→ THE DATA:
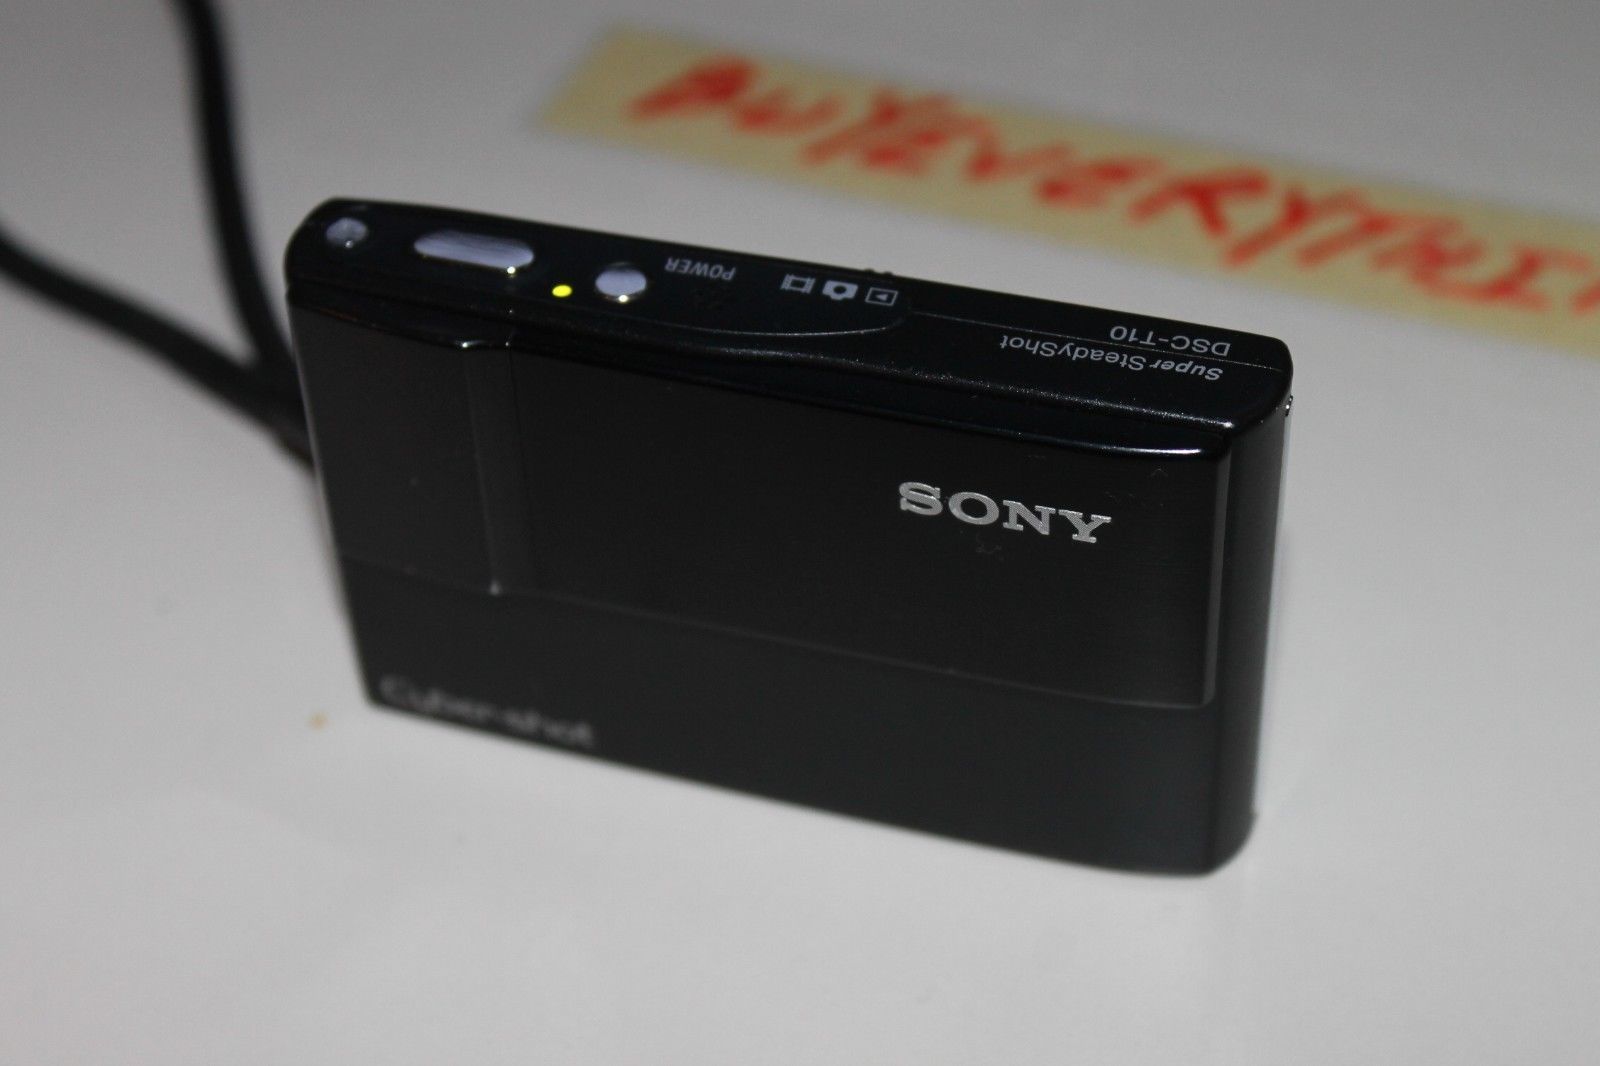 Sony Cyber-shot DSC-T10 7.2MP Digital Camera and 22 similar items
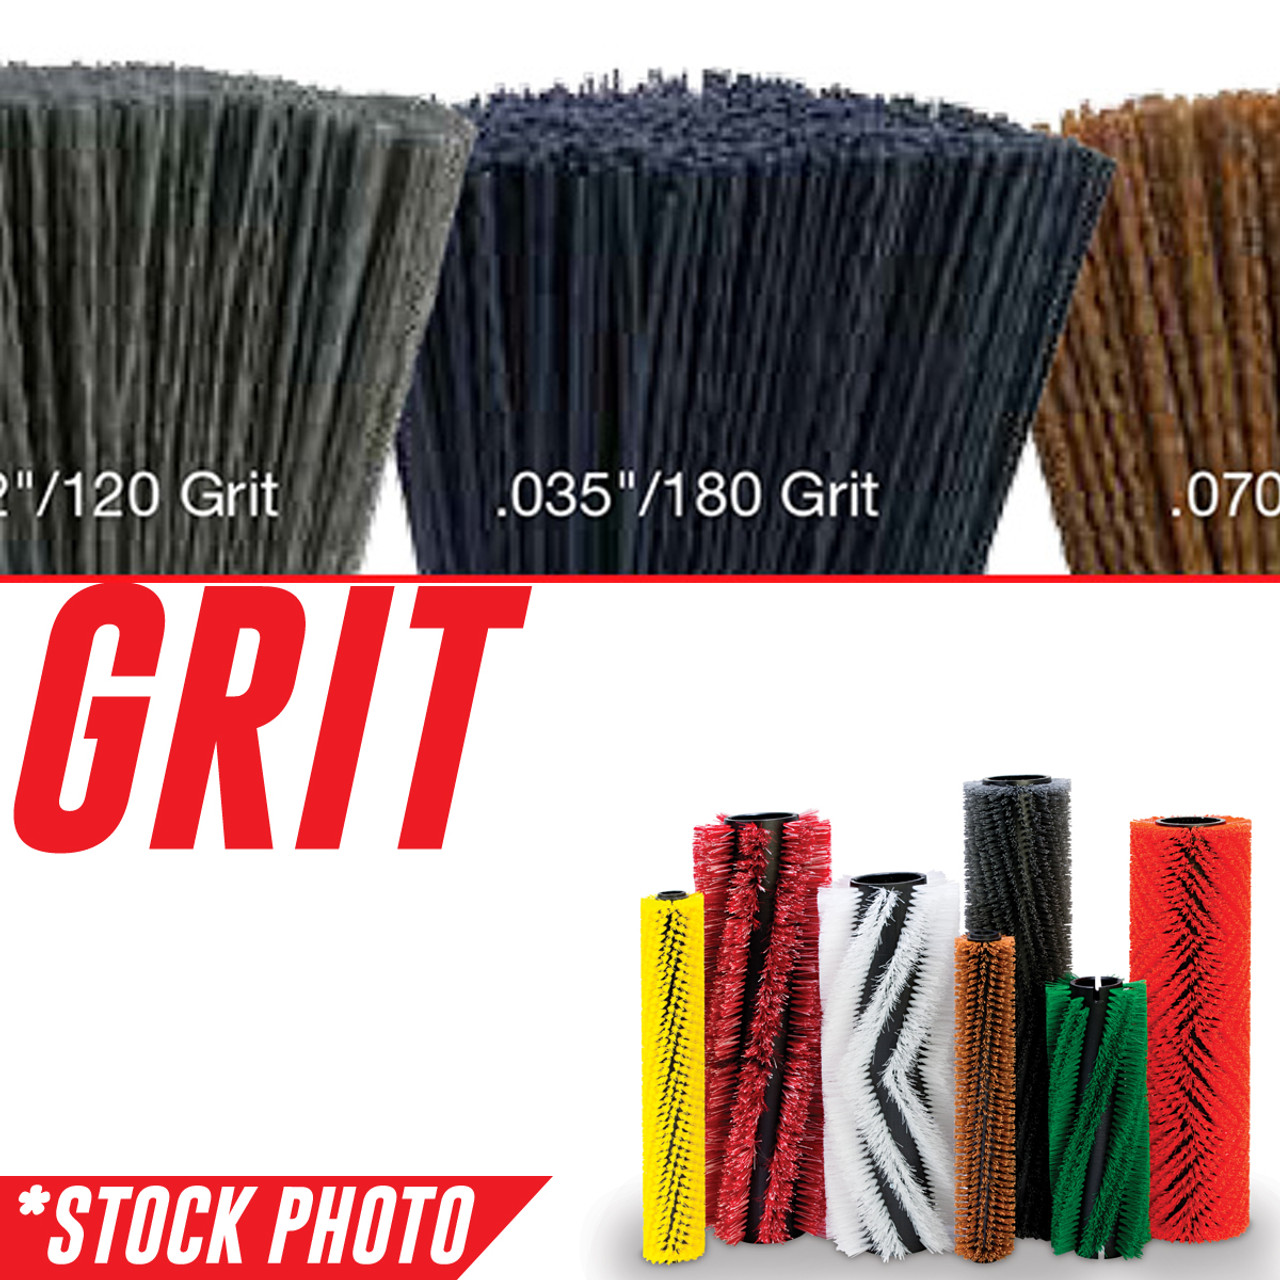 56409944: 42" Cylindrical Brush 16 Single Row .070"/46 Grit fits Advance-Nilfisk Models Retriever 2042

==

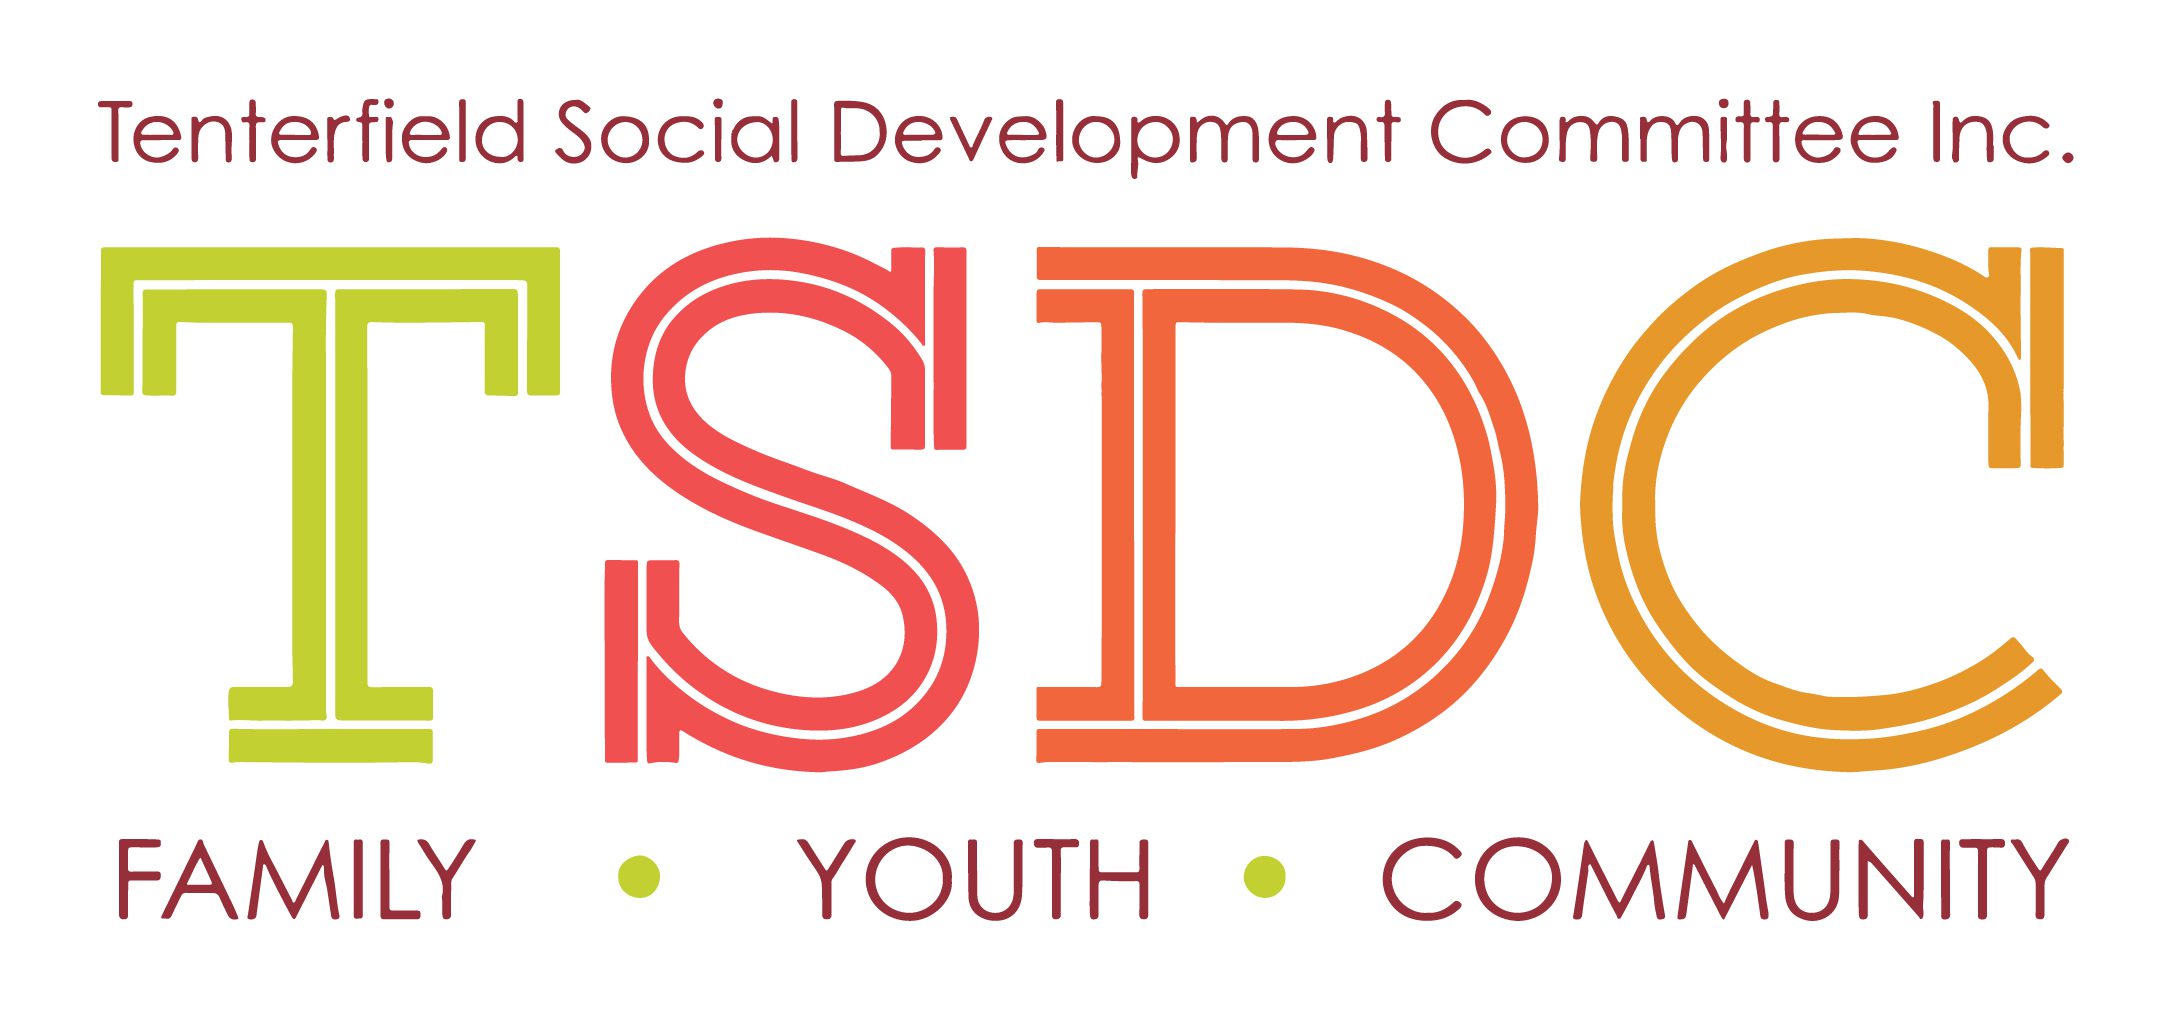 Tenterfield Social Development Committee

* * *

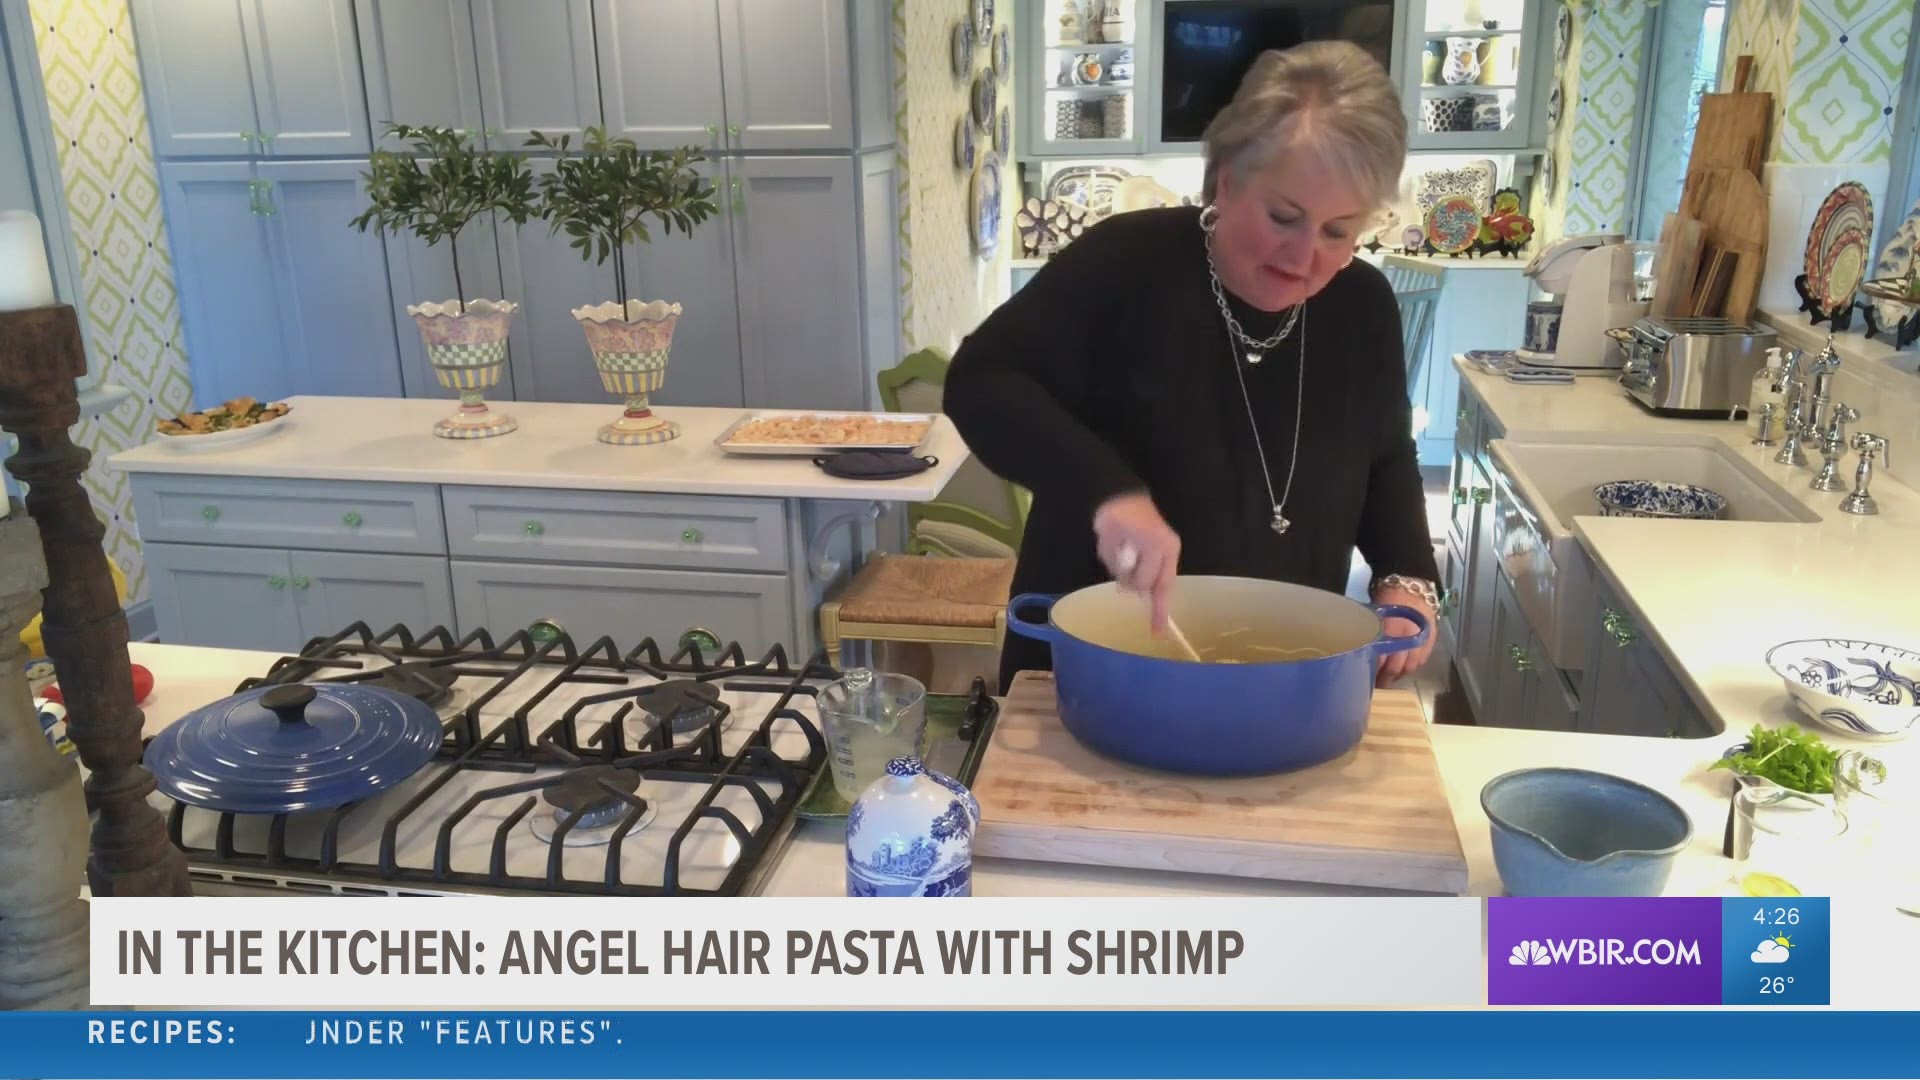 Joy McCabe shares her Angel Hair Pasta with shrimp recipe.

→ TASK PROMPT: Transcribe, word for word, the lines of the listing above from the one that contains "Sony Cyber-shot DSC-T10" through the one that contains "Models Retriever 2042", keeping both ends and dropping the pictures.

→ ANSWER BOX:
 Sony Cyber-shot DSC-T10 7.2MP Digital Camera and 22 similar items
 56409944: 42" Cylindrical Brush 16 Single Row .070"/46 Grit fits Advance-Nilfisk Models Retriever 2042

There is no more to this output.